Demek ki 12 Eylül yönetimi tarafsızdı.
CHP, mal varlığını kaybedecek, 27 Mayıs'ın rövanşı alınacak, şartlar eşitlenmiş olacaktı. Makul görünüyor değil mi?
AP'lilerin niyeti başkaydı.
Nasılsa yeni partiler kurulur, eski liderlere yasak getirilir, kendilerine yol açılırdı.
Bildik Şark kurnazlığı..
Demirel farkındaydı durumun.
Ecevit'in çevresinde de aynı dolaplar dönüyordu. “Gemi batarken kaptan köşkünü ele geçirmeye çalışıyorlar” diye niteliyordu durumu Ecevit..
O günlerde bir grup AP'li Süleyman Demirel'i ziyaret etti.
Biri, “Efendim, bizim parti kapanırsa kapansın. CHP'den intikamımızı almış olduk. Eğer biz görevde kalsaydık CHP'ye dokunabilir miydik?” dedi.
Demirel çok sinirlenmişti.
Hemen ayağa kalkarak, “Görüşme bitmiştir” dedi.
“Budalalar! Bunlar daha bir şeyin farkında değil” diye fısıldadı.
Bu adamlar Demirel'i “Askeri yönetimi sertçe eleştirmeyin. Bizim partiyi kapatmayacaklar. Askerlerle diyalog içinde olmak lazım” diye etkilemeye çalıştılar.
Aynı adamlar askerlere de “Bütün partileri kapatmak, liderlerine siyasi yasak getirmek lazım” diyorlardı.

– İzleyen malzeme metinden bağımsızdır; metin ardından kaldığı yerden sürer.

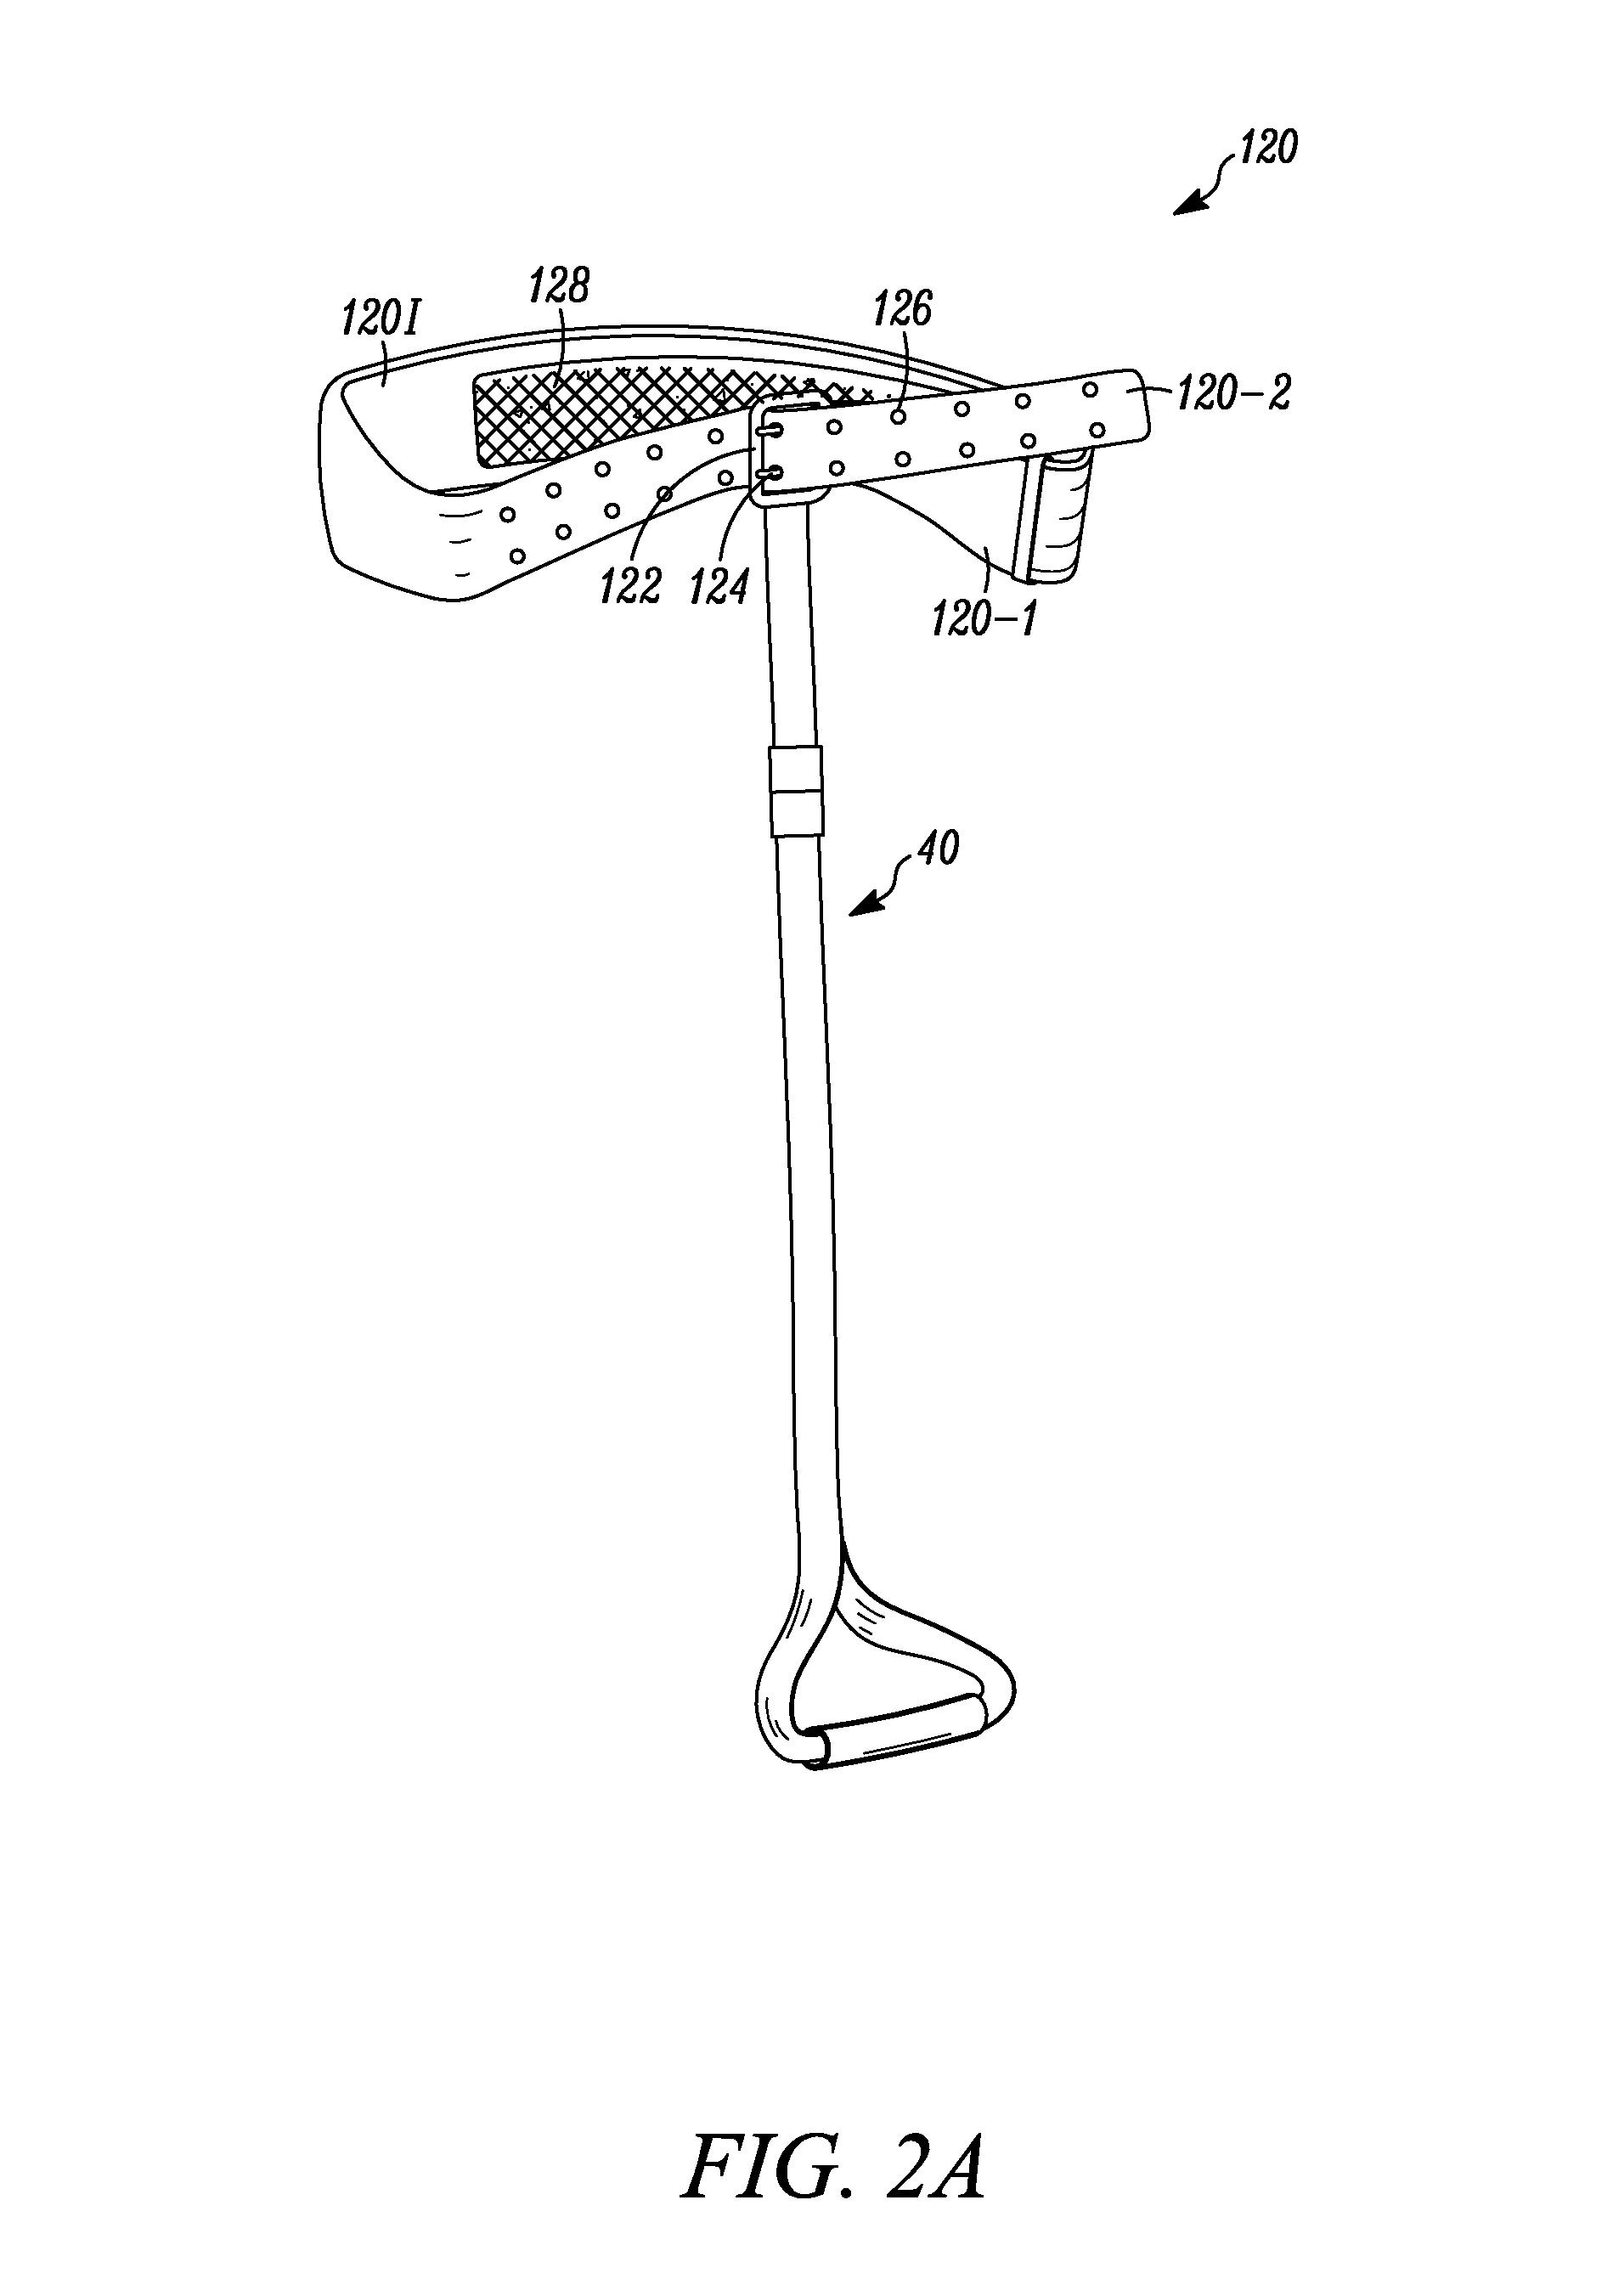 Spinal therapy device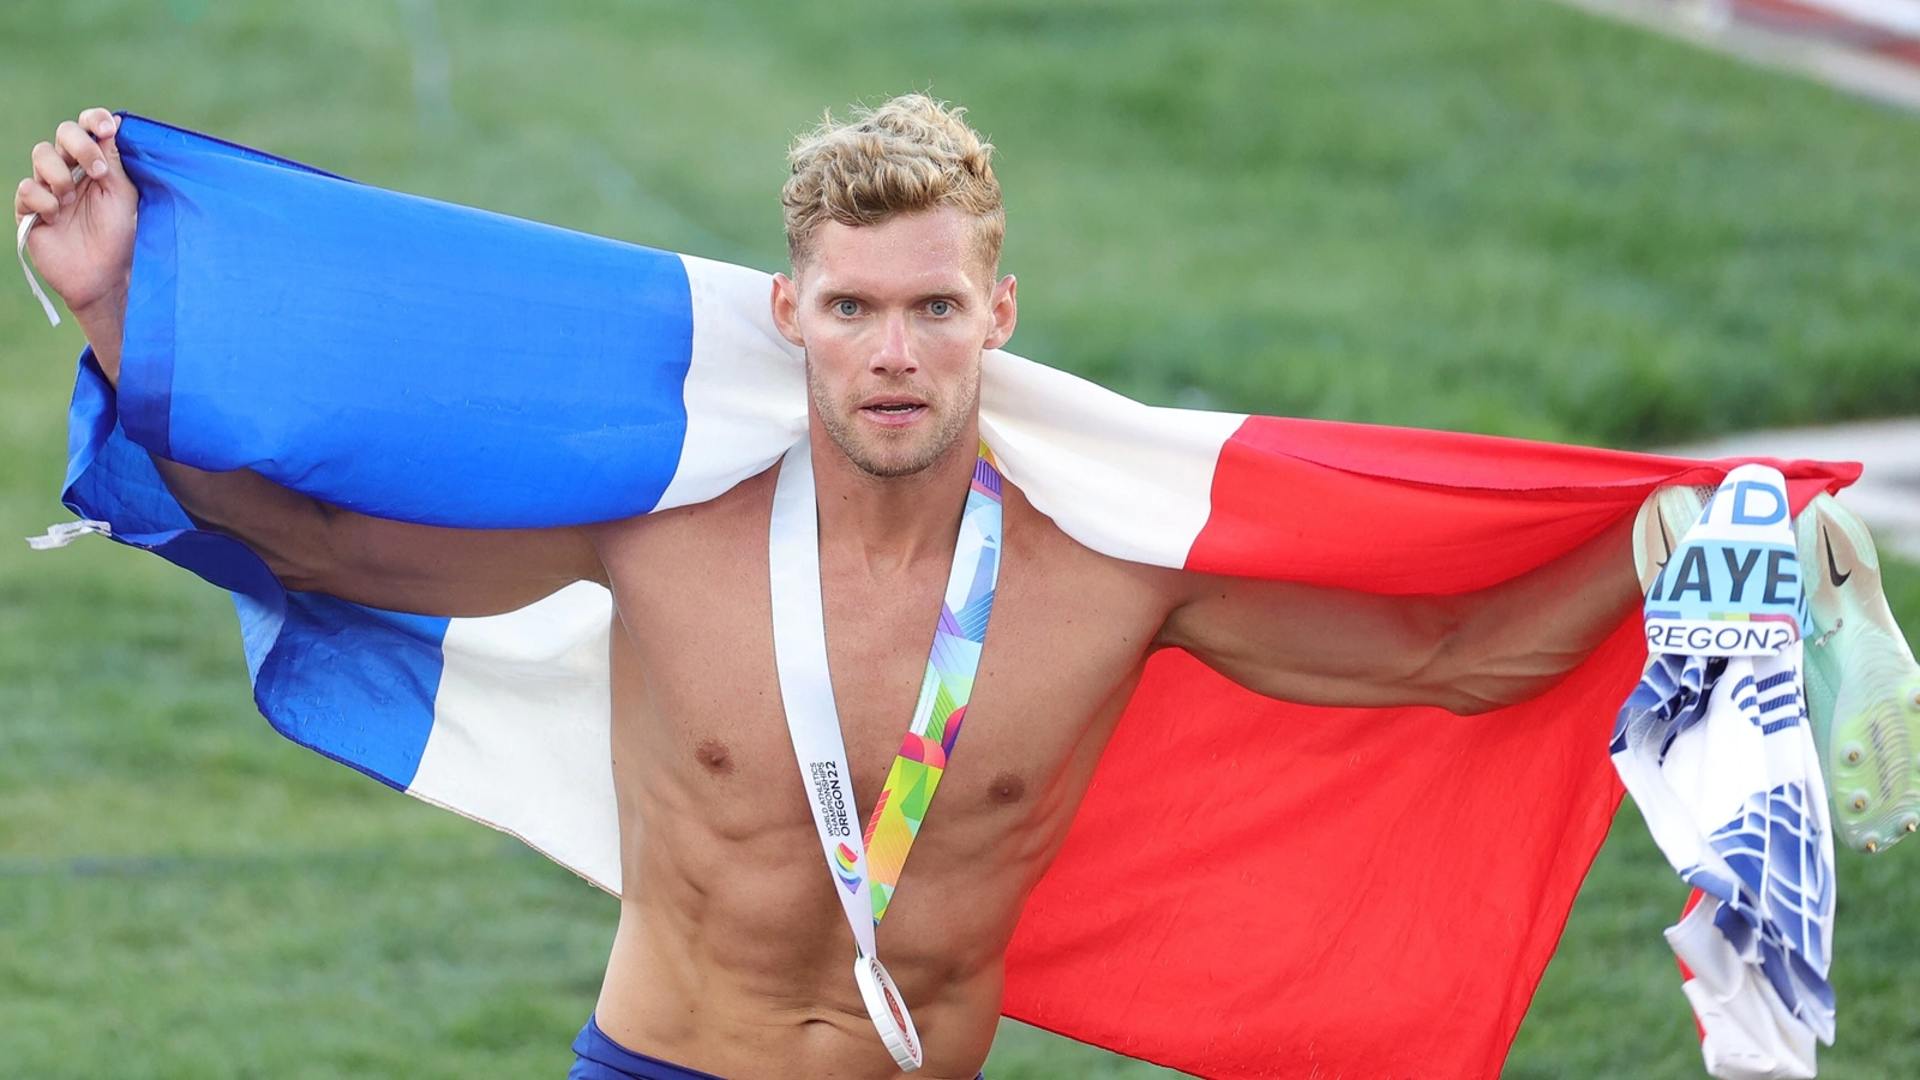 Kevin Mayer after defending his title at the World Championships 2022 (Image Credits - Olympics.com)

Demirel tavrını değiştirmedi.
Şöyle düşünüyordu:
“27 Mayısçılar Kurtuluş Savaşı'ndan gelmiş, Tek Parti'yi görmüş, çok partili sistemi yaşamış bir kadroyu budamıştı. Şimdi de 1960'lardan bu yana yetişen siyasi kadrolar budanacaktı. Bu ülkenin hayrına değil.”
“Budalalar” derken kastettiği buydu.
Şimdi CHP, AK Parti'nin kapatılması ve liderinin yasaklanmasından pay çıkarmak peşinde.
Baykal ne Demirel gibi davranabiliyor..
Ne de Ecevit gibi.
O Baykal.
Cumhurbaşkanına yetkiyi veren 12 Eylülcü'ler değil miydi?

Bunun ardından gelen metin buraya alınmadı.